I suppose it equates to a latency of ~0.35us for each mutex
taken/released. Can this be right? The lmbench null syscall
is getppid:
# ./lat_syscall null
Simple syscall: 2.0178 microseconds
# ./lat_syscall null
Simple syscall: 2.0333 microseconds
# sysctl -w kern.giant.proc=0
kern.giant.proc: 1 -> 0
# ./lat_syscall null
Simple syscall: 1.6360 microseconds
# ./lat_syscall null
Simple syscall: 1.6333 microseconds
Is the locking overhead this bad on x86? It looks downright
embarrassing on alpha. Can anything be done about it? Are the
memory barriers in atomic_cmpset_acq_* really needed? They have the
look of belt & suspenders code..
FWIW, The appended diff to remove them reducess null system call
latency to 1.6us with kern.giant.proc=1, and 1.4us with
kern.giant.proc=0. I'm about to start a buildworld with it, but I
don't have any SMP boxes.
On the other hand, the pipe results are tremendous. Pipe now goes
like a bat out of hell.
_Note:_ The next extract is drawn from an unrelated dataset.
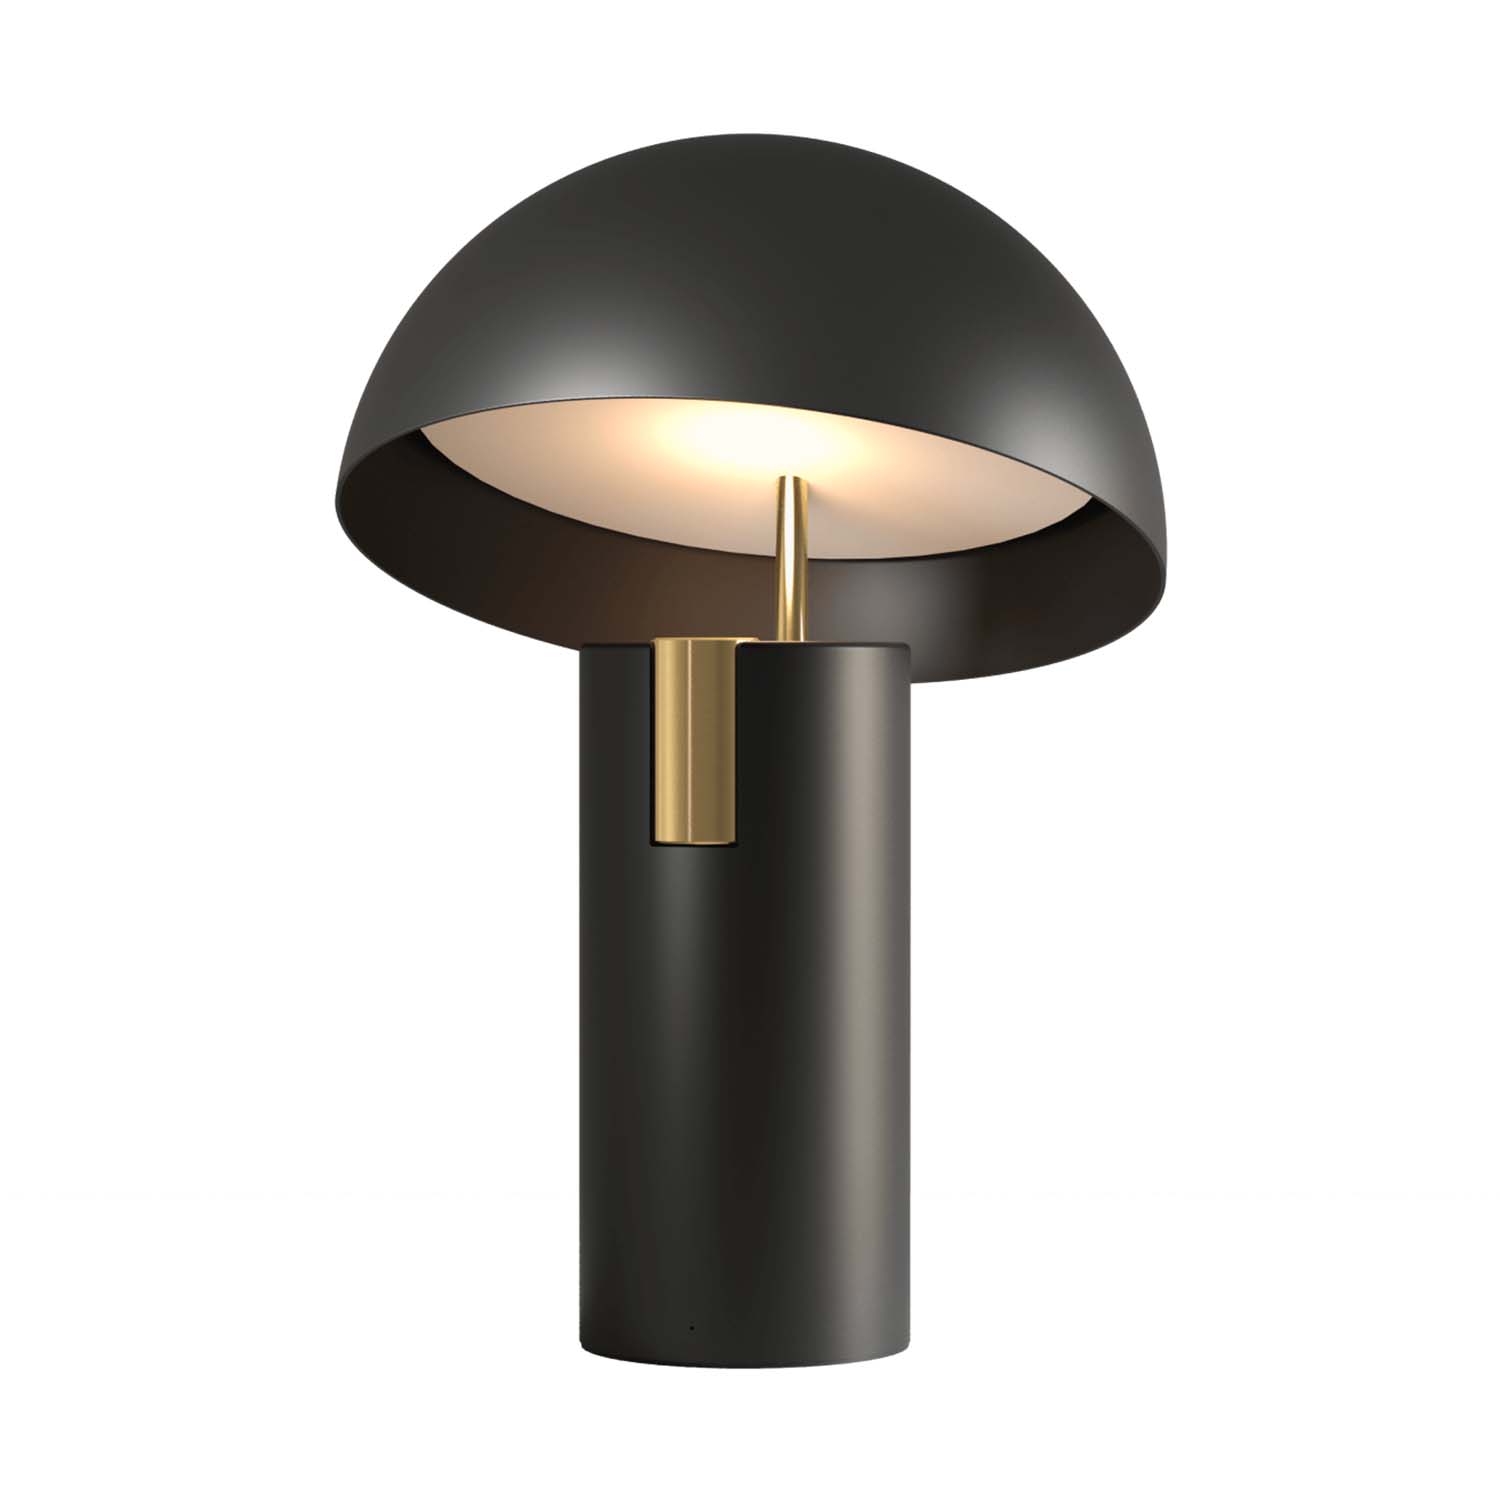 ALTO – Vernetzte Lampe für modernes Wohnzimmer
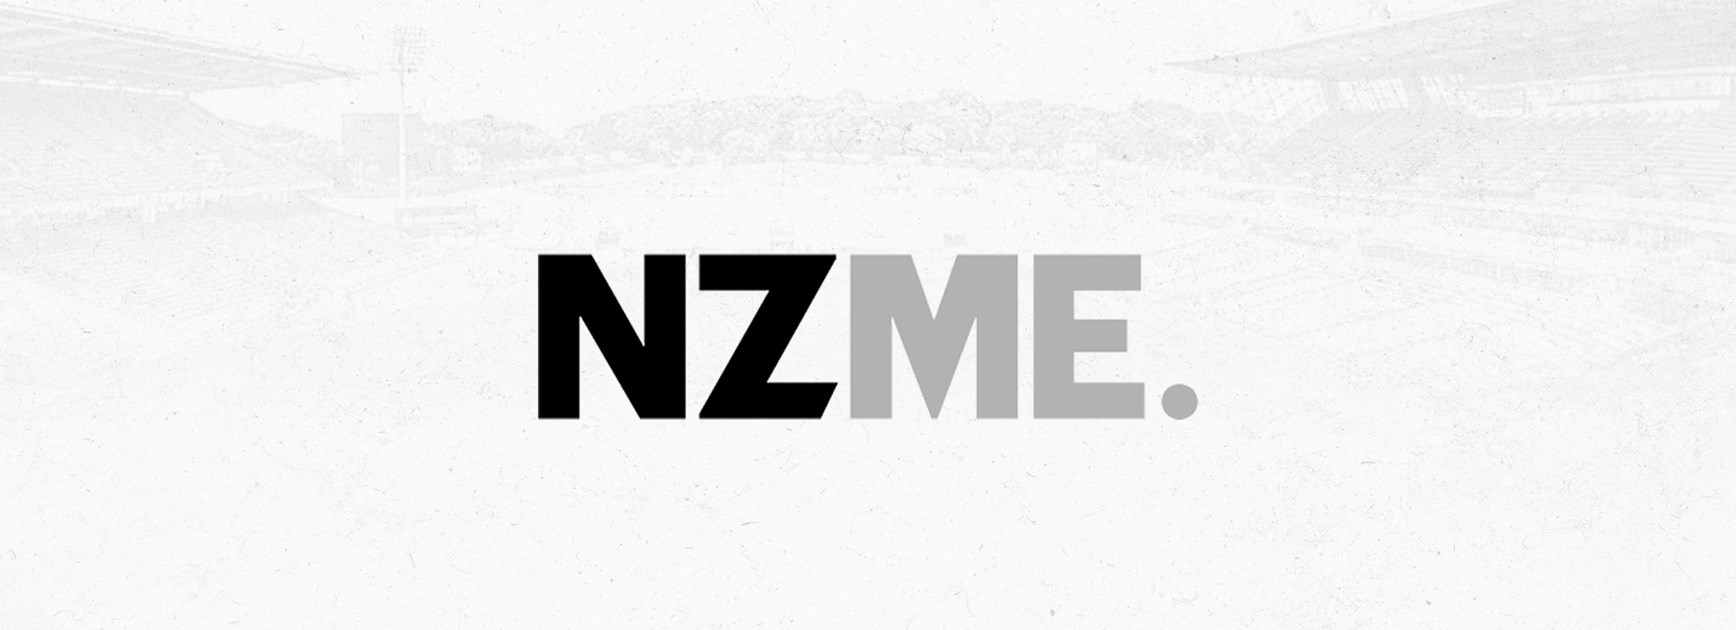 NZME renews partnership with One New Zealand Warriors

Congrats to whoever did that.
Drew
L M B E N C H 2 . 0 S U M M A R Y
------------------------------------
Basic system parameters
----------------------------------------------------
Host OS Description Mhz
--------- ------------- ----------------------- ----
monet FreeBSD 4.5-S alpha-freebsd4.5 497
monet FreeBSD 5.0-C alpha-freebsd5.0 497
monet OSF1 V5.1 alphaev6-dec-osf5.1 499
Processor, Processes - times in microseconds - smaller is better
----------------------------------------------------------------
Host OS Mhz null null open selct sig sig fork exec sh
call I/O stat clos TCP inst hndl proc proc proc
--------- ------------- ---- ---- ---- ---- ---- ----- ---- ---- ---- ---- ----
monet FreeBSD 4.5-S 497 0.57 3.78 16.2 22.5 33.7 1.29 6.25 1434 4692 12.K
monet FreeBSD 5.0-C 497 2.06 7.52 28.1 44.1 18.7 2.35 8.91 1440 4716 8895
monet OSF1 V5.1 499 0.41 1.33 144. 157. 19.8 1.01 4.56 1039 2745 7611
Context switching - times in microseconds - smaller is better
-------------------------------------------------------------
Host OS 2p/0K 2p/16K 2p/64K 8p/16K 8p/64K 16p/16K 16p/64K
ctxsw ctxsw ctxsw ctxsw ctxsw ctxsw ctxsw
--------- ------------- ----- ------ ------ ------ ------ ------- -------
monet FreeBSD 4.5-S 1.850 20.4 98.1 36.9 139.2 39.7 139.7
monet FreeBSD 5.0-C 4.250 13.6 47.1 22.9 62.2 27.2 68.3
monet OSF1 V5.1 5.430 9.8900 45.2 18.1 49.5 20.2 53.6
*Local* Communication latencies in microseconds - smaller is better
-------------------------------------------------------------------
Host OS 2p/0K Pipe AF UDP RPC/ TCP RPC/ TCP
ctxsw UNIX UDP TCP conn
--------- ------------- ----- ----- ---- ----- ----- ----- ----- ----
monet FreeBSD 4.5-S 1.850 12.0 14.4 38.5 79.1 43.0 100.0 231.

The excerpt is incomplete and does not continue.